Revision history for this message
Ubuntu Foundations Team Bug Bot (crichton) wrote :

The attachment "Hack to work-around the broken debug statements" of this bug report has been identified as being a patch. The ubuntu-reviewers team has been subscribed to the bug report so that they can review the patch. In the event that this is in fact not a patch you can resolve this situation by removing the tag 'patch' from the bug report and editing the attachment so that it is not flagged as a patch. Additionally, if you are member of the ubuntu-reviewers team please also unsubscribe the team from this bug report.

[This is an automated message performed by a Launchpad user owned by Brian Murray. Please contact him regarding any issues with the action taken in this bug report.]

tags: added: patch
Revision history for this message
Vv (vivien-perez) wrote :

Hello François,

I would like to use your patch to be able to resume my backups.

Could you tell me how to do that without breaking my system? Is it enough to replace the lines with a minus sign at their begining with the corresponding one with a plus sign in the /usr/lib/python2.7/dist-packages/duplicity/collections.py file?

Thanks for your help,

Vv

Revision history for this message
François Marier (fmarier) wrote :

Here's a version of my patch without the unnecessary print statements.

Again, I'm not pretending to solve the problem, but it may help others who are waiting for the official fix.

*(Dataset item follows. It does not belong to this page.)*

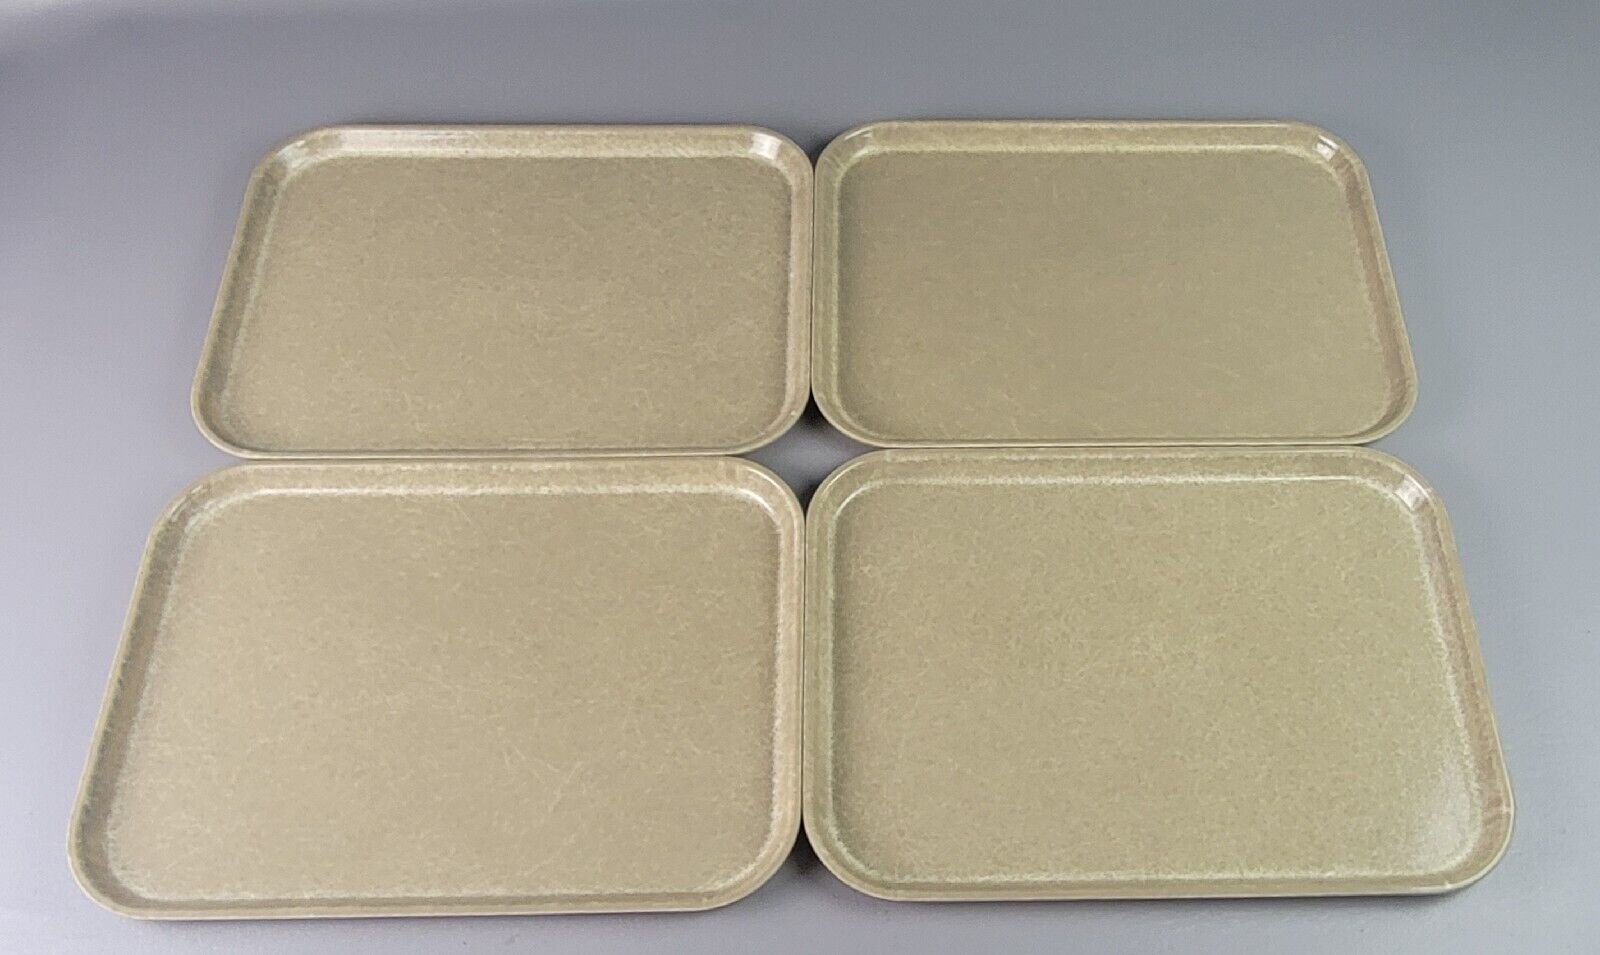 4 Vintage Cambro 15-3 Camtray Beige Cafeteria Lunch Tray 16x12 NSF

Revision history for this message
François Marier (fmarier) wrote :

Vv: You are correct. To apply the patch, you can simply remove the lines with minuses and replace them with the lines that start with a plus.

You can also use the "patch -p1 < filename.patch" command, but given there's only 3 lines to touch, it might be easier to do it by hand.

Revision history for this message
Vv (vivien-perez) wrote :

Hello François,

thanks for your help. I did remove/add the specified lines.

The previous error is no more, but there is a new one :

Traceback (most recent call last):
  File "/usr/bin/duplicity", line 1404, in <module>
    with_tempdir(main)
  File "/usr/bin/duplicity", line 1397, in with_tempdir
    fn()
  File "/usr/bin/duplicity", line 1273, in main
    sync_archive(decrypt)
  File "/usr/bin/duplicity", line 1077, in sync_archive
    + "\n" + "\n".join(local_missing))
UnicodeDecodeError: 'ascii' codec can't decode byte 0xc3 in position 44: ordinal not in range(128)

It seems related with the previous one (which was "UnicodeDecodeError: 'ascii' codec can't decode byte 0xe2 in position 23: ordinal not in range(128)").

Does anyone has an idea about the origin of the problem?

Thanks in advance,

Vv

Revision history for this message
otto06217 (otto-kesselgulasch) wrote :

Hi, folks,

what a bug!

If I use some other backup space like dropbox folder or gdrive (insync) I got no such error message. It seems to me a bug in Ubuntu One.

Thanks for help.

BTW: Some of my files were created on Windows.

Revision history for this message
Pilot6 (hanipouspilot) wrote :

Priority must not be low. I am unable to upgrade just because of this bug. It affects not onlu non-utf systems, but all systems, where some files were created in Windows.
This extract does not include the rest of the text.